Example 4: The voltage across a lamp is 6.32 V when the current passing through it is 3.4 A. Find the power consumed upto appropriate significant figures.

Solution: Voltage across a lamp, \(V=6.32 \mathrm{~V}\) (3 significant figures) Current flowing through lamp, \(I=3.4 \mathrm{~A}\) (2 significant figures)
∴ Power consumed, \(P=V I=(6.32)(3.4)=21.488 \mathrm{~W}\)
Answer should have minimum number of significant figures. Here, the minimum number of significant figures is 2.
∴ Power consumed \(=21 \mathrm{~W}\)

Example 5: A thin wire has a length of 21.7 cm and radius 0.46 mm . Calculate the volume of the wire upto correct significant figures.
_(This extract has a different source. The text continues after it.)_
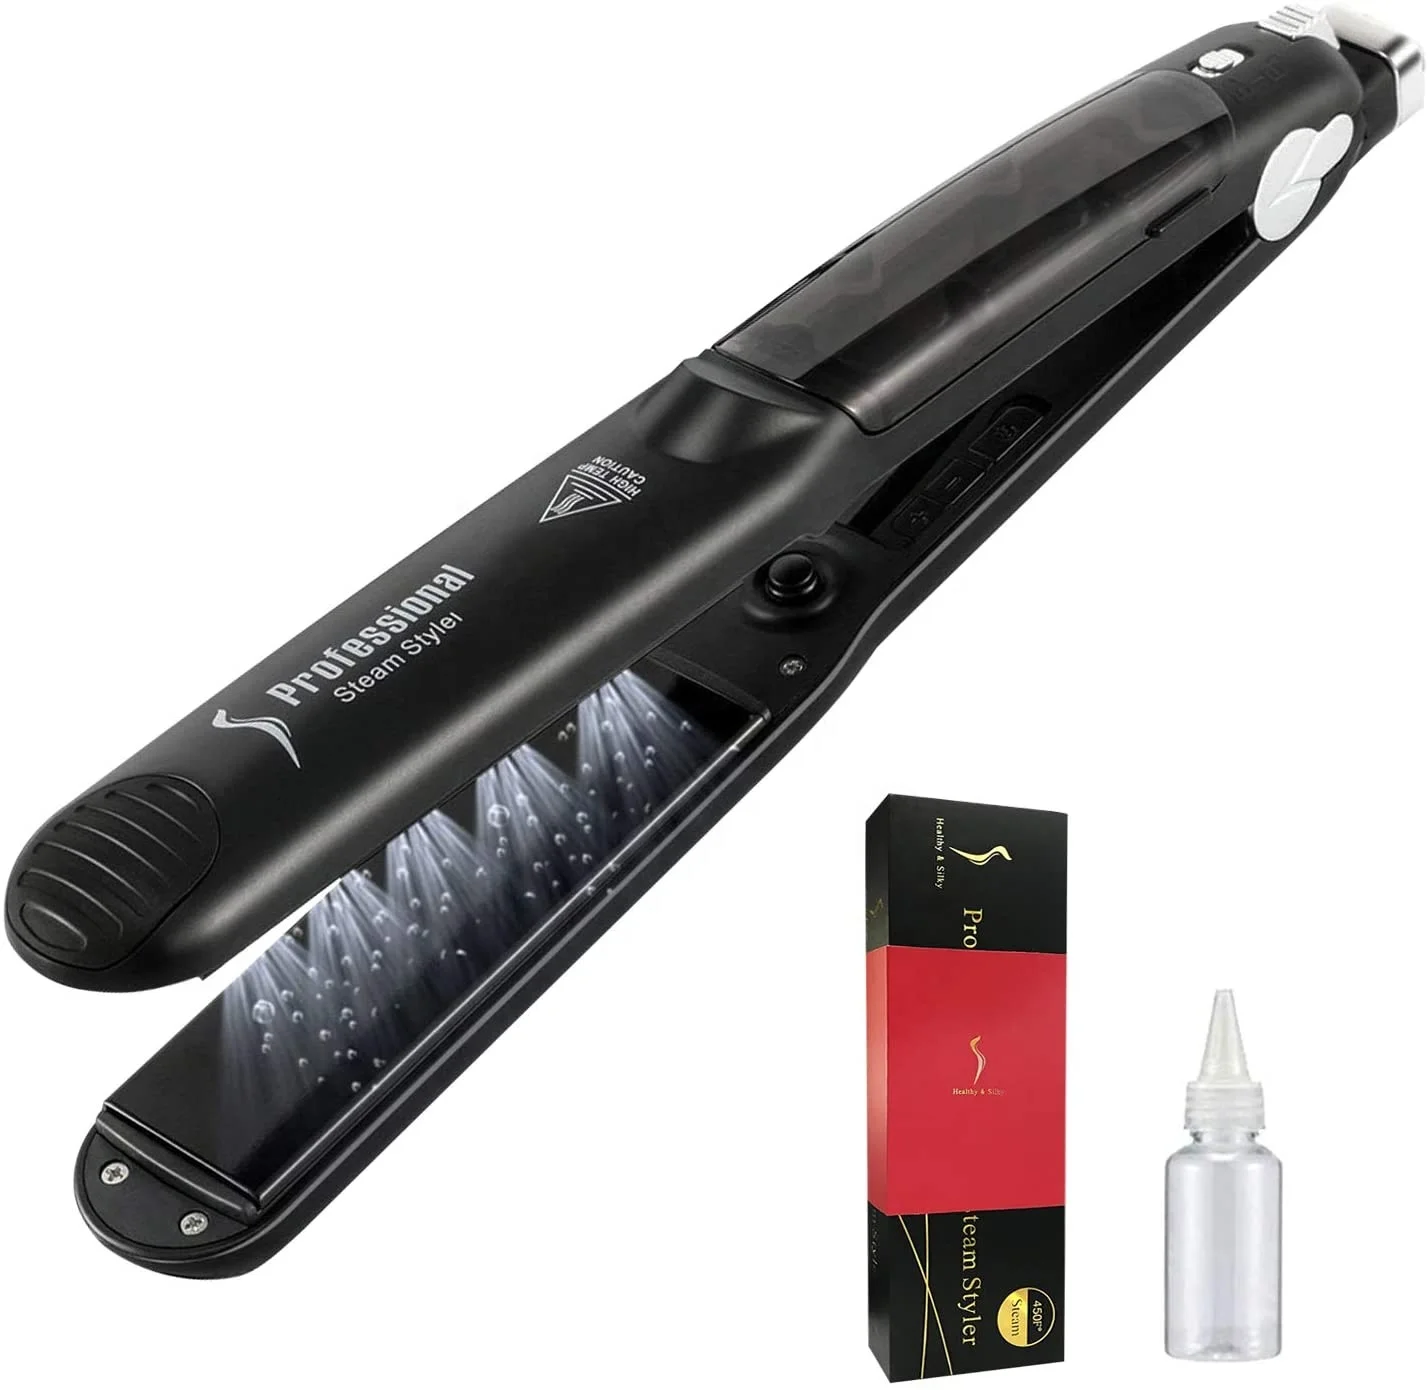 Hair straighteners with steam фото 88
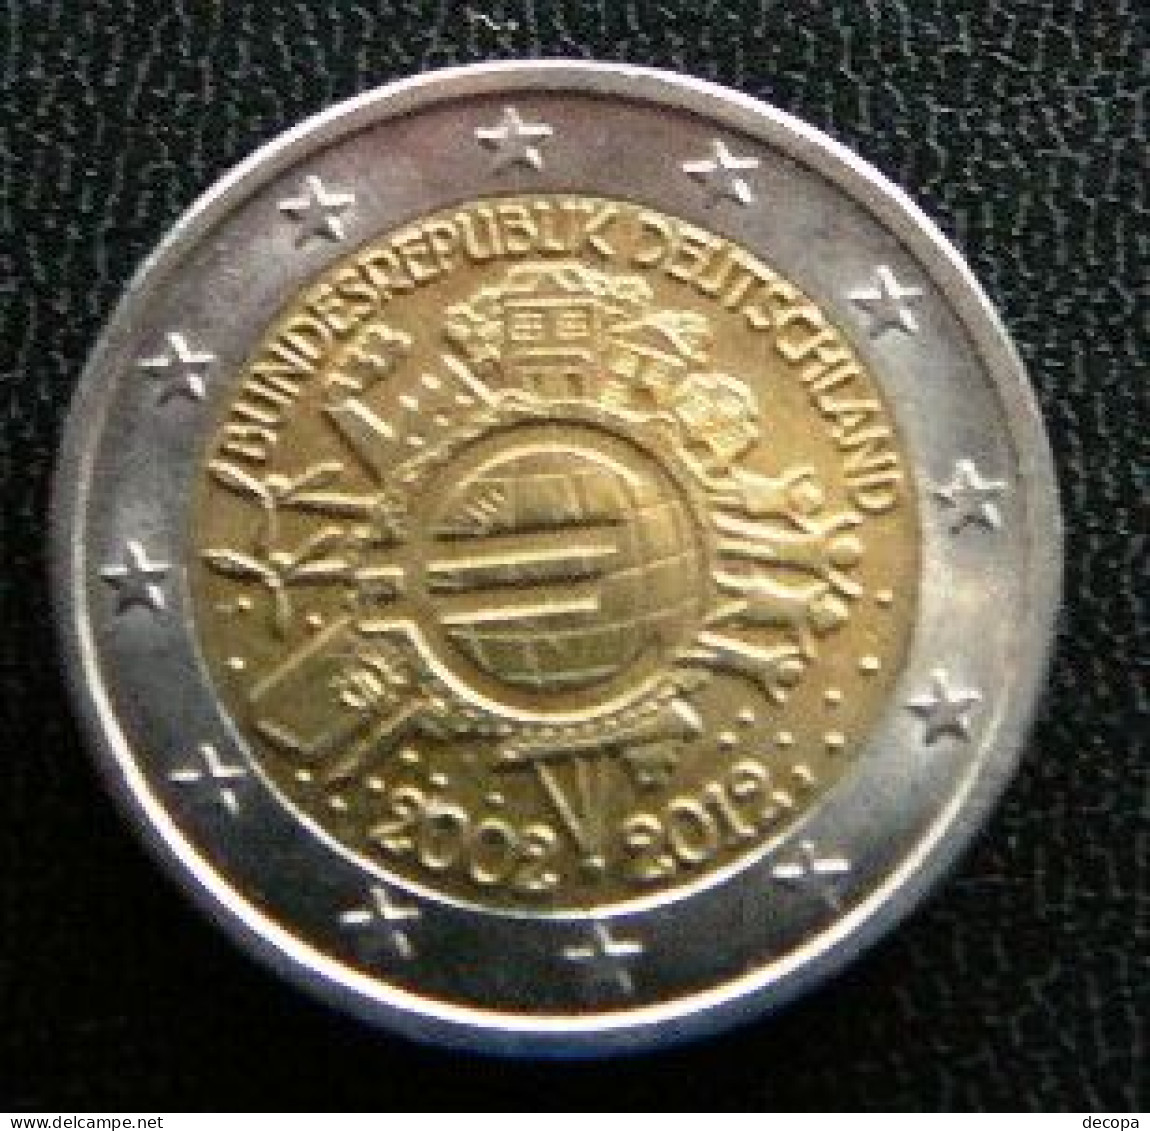 Germany - Allemagne - Duitsland   2 EURO 2012 J   10 Years Euro      Speciale Uitgave - Commemorative - Allemagne

Solution: Given, \(l=21.7 \mathrm{~cm}, r=0.46 \mathrm{~mm}=0.046 \mathrm{~cm}\)
Volume of wire, \(V=\pi r^2 l=\frac{22}{7}(0.046)^2(21.7)\)
\(
=0.1443 \mathrm{~cm}^3 \simeq 0.14 \mathrm{~cm}^3
\)

Example 6: The time taken by a pendulum to complete 25 vibrations is 88.0 s. Find the time period of the pendulum in seconds upto appropriate significant figures.

Solution:
\(
\begin{aligned}
\text { Time period of oscillation } & =\frac{\text { Total time taken }}{\text { Number of oscillations }} \\
& =\frac{88.0}{25} \mathrm{~s}=3.52 \mathrm{~s}
\end{aligned}
\)
Out of the two quantities given in the data, 25 is exact, hence has infinite significant figures. Therefore, the answer should be reported to three significant figures, i.e. 3.52 s.

Example 7: 5.74 g of substance occupies \(1.2 \mathrm{~cm}^3\). Express its density by keeping the significant figures in view.

Solution: Here, mass, \(m=5.74 \mathrm{~g}\), volume, \(V=1.2 \mathrm{~cm}^3\) As density, \(\quad \rho=\frac{\text { mass }}{\text { volume }}=\frac{5.74 \mathrm{~g}}{1.2 \mathrm{~cm}^3}=4.783 \mathrm{~g} \mathrm{~cm}^{-3}\)
As mass has 3 significant digits and volume has 2 significant digits, therefore as per rule, density will have only two significant digits, rounding off, we get \(\rho=4.8 \mathrm{gcm}^{-3}\).